We’ve done a lot of reporting on the Citigroup-New York Mets $400 million stadium naming rights deal over the past couple weeks, including making a case for keeping the deal intact.
In our unscientific poll on Feb. 4, 61 percent of “SportsBiz” readers said they didn’t think the agreement was a good use of marketing dollars. Well, we just got our hands on a scientific poll —the Seton Hall Sports Poll conducted by The Sharkey Institute.
The pollsters randomly called 1,053 people across the nation and asked them if they thought Citigroup should make an effort to get out of the deal, even if the company has to pay a substantial penalty. Almost two out of every three people (64 percent to be exact) said that Citigroup should do what it can to get out of the deal.
"Just what is involved in Citigroup getting out of the Mets deal is unknown right now, but the public is not satisfied with Citigroup continuing to conduct business as usual while taking in public funds,” said Rick Gentile, the director of the poll.
The key in this question is the word “substantial.”

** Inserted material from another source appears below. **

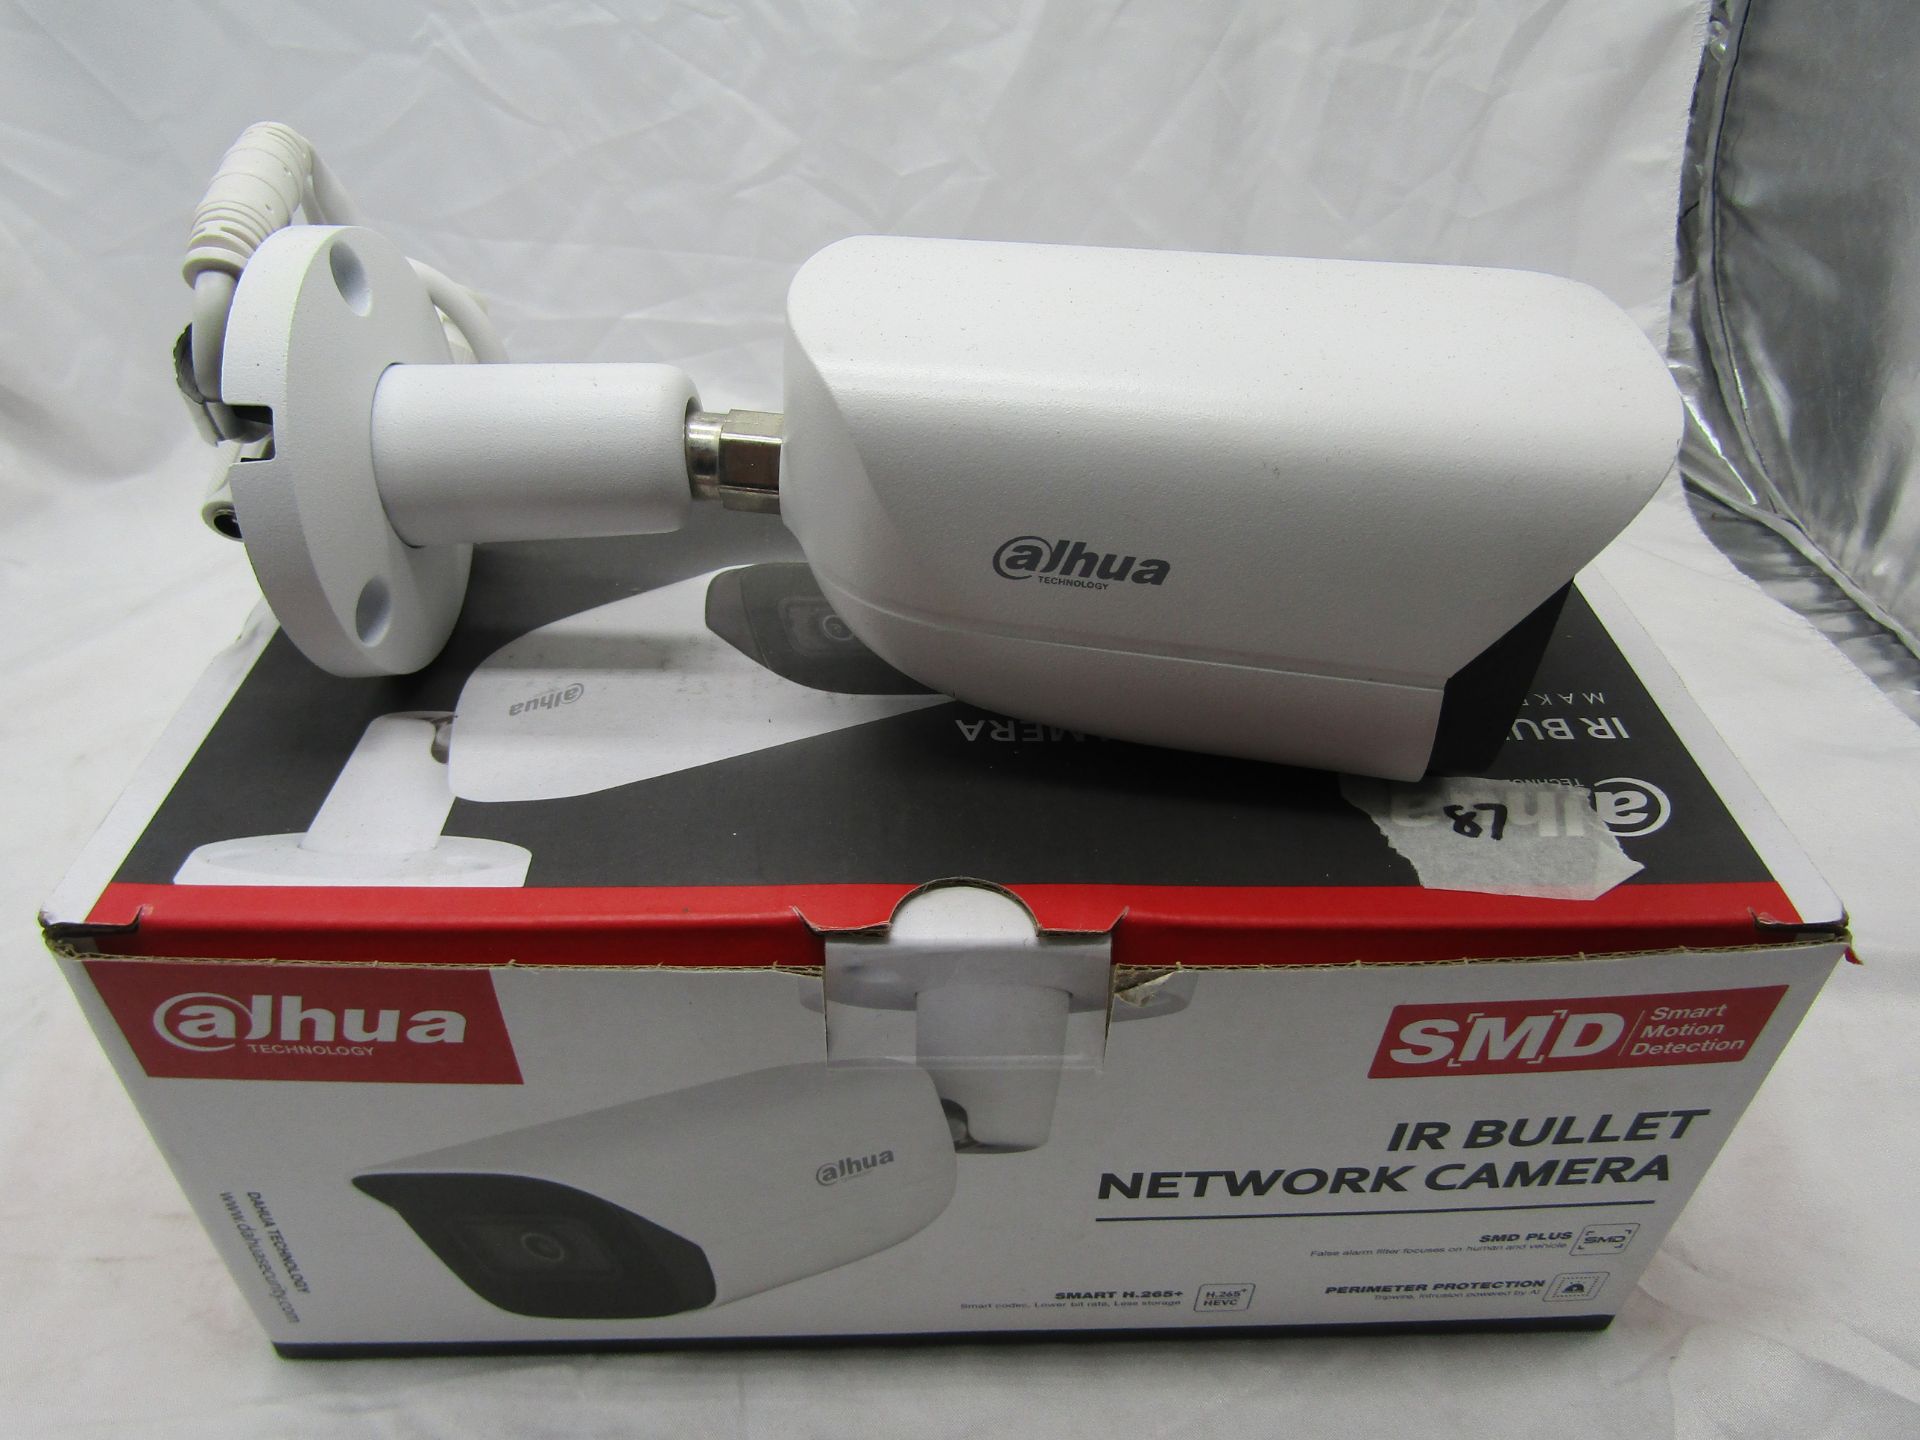 one lot of over 200 items of CCTV and Surveillance equipment, includes DVRs, Cameras, Thermal - Bild 31 aus 104

I contend that if they did get out of the deal the penalty would be at least $150 million. What would the answer be if you substituted the word “substantial” with $150 million. By talking real numbers, you’d get the public to understand that it’s better if a company that is being supported by taxpayer money gets some marketing value out of a $400 million deal instead of getting nothing for $150 million.